3. see if data is loaded

hive> select * from users limit 2;
OK
1 F 1 10 48067
2 M 56 16 70072
Time taken: 0.278 seconds, Fetched: 2 row(s)

hive> select * from movies limit 2;
OK
1 Toy Story (1995) ["Animation","Children's","Comedy"]
2 Jumanji (1995) ["Adventure","Children's","Fantasy"]
Time taken: 0.352 seconds, Fetched: 2 row(s)

hive> select * from ratings limit 2;
OK
1 1193 5 978300760
1 661 3 978302109
Time taken: 0.28 seconds, Fetched: 2 row(s)

hive> select * from occupations limit 2;
OK
0 other/not specified
1 academic/educator
Time taken: 0.245 seconds, Fetched: 2 row(s)

if you are all good till here than lets practice hiveQL stuffs.

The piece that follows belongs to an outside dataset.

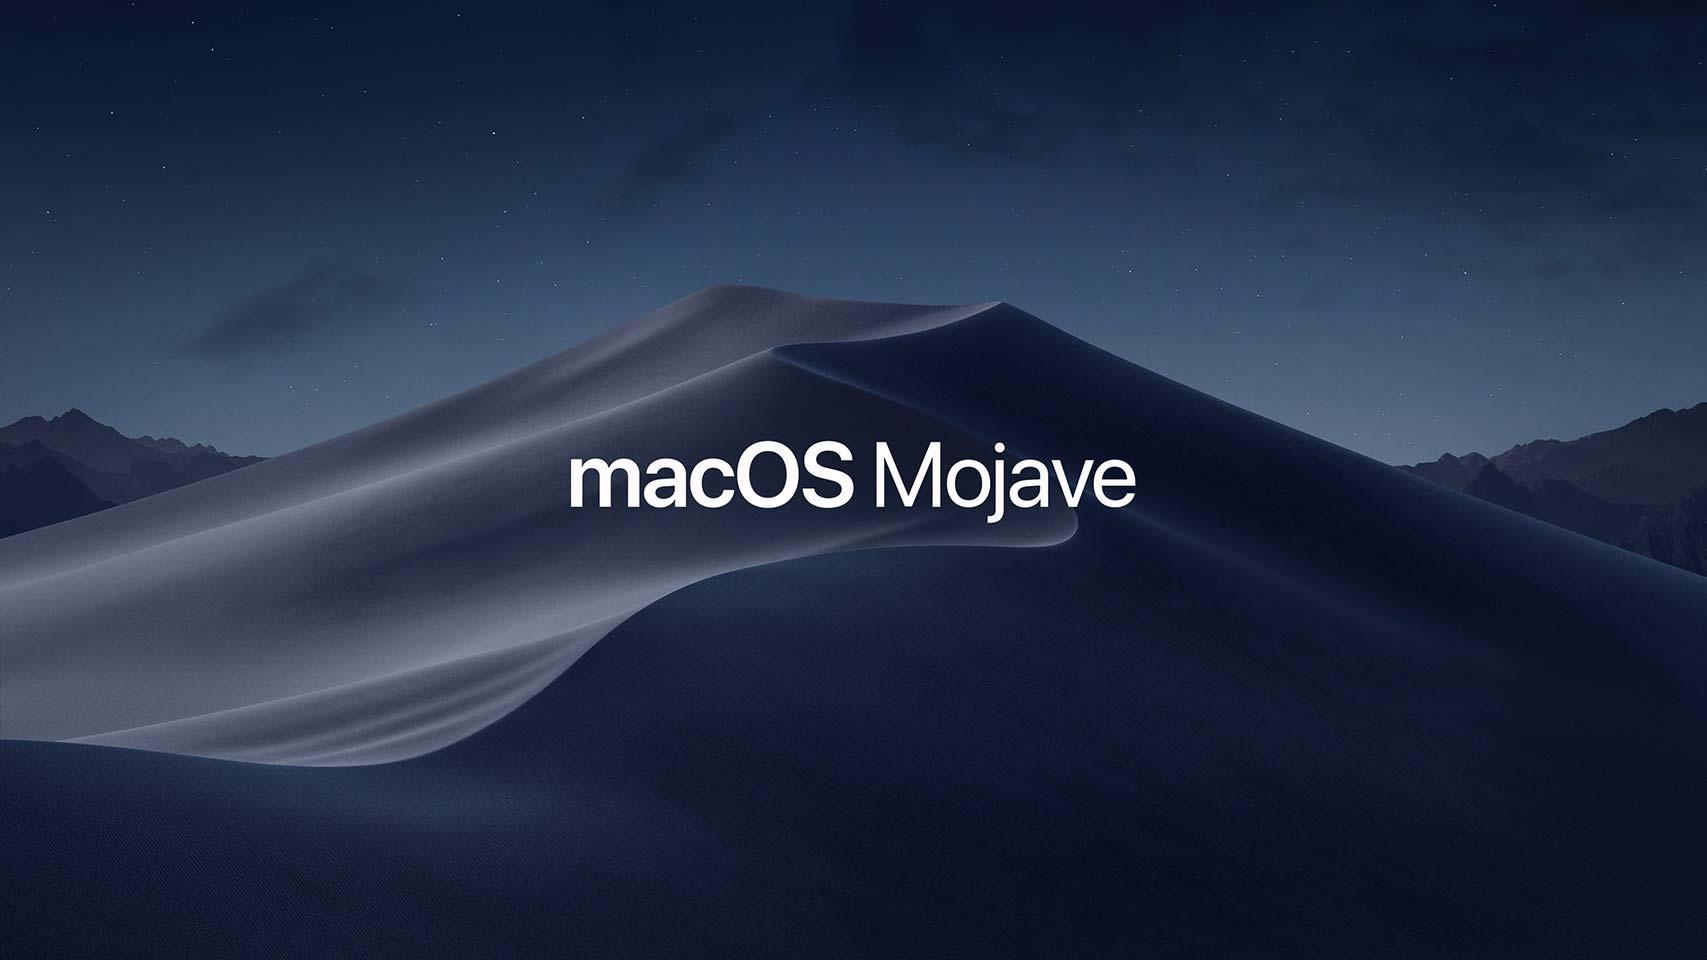 macOS-10.14-Mojave-Night-hero-hero.jpg

NOTE: in each case to maintain readabilty I will limit the output to 10 only.

Use Case 1:
Find out Occupation of all the users:

Solution:
select u.*, o.occupation from users u, occupations o where u.occupation_id= o.id limit 10;


OUTPUT:

1 F 1 10 48067 K-12 student
2 M 56 16 70072 self-employed
3 M 25 15 55117 scientist
4 M 45 7 02460 executive/managerial
5 M 25 20 55455 writer
6 F 50 9 55117 homemaker
7 M 35 1 06810 academic/educator
8 M 25 12 11413 programmer
9 M 25 17 61614 technician/engineer
10 F 35 1 95370 academic/educator


Use Case 2:
Find out numbers of non-adults as per Indian standard, who has rated movies:

Solution: select count(*) from users where age < 18;
222

Use case 3:
Find out the no of users with same occupation and having age more than 25 along with occupation details:

Solution:
select o.occupation, count(1)  from users u join occupations o where u.occupation_id= o.id AND u.age > 24 group by o.occupation;

K-12 student 3
academic/educator 479
artist 220
clerical/admin 155
college/grad student 222
customer service 94
doctor/health care 227
executive/managerial 660
farmer 15
homemaker 86
lawyer 121
other/not specified 578
programmer 328
retired 141
sales/marketing 263
scientist 130
self-employed 223
technician/engineer 448
tradesman/craftsman 60
unemployed 30
writer 232


Use Case 4: Find the age of the most rated user with counts of rating;

Solution:

select u.userid, u.age, x.count from users u join ( select r.userid, count(rating) count from ratings r group by (r.userid) order by count DESC limit 1) x where u.userid = x.userid;

4169 50 2314



---------------------
I am working on it, will add more examples here.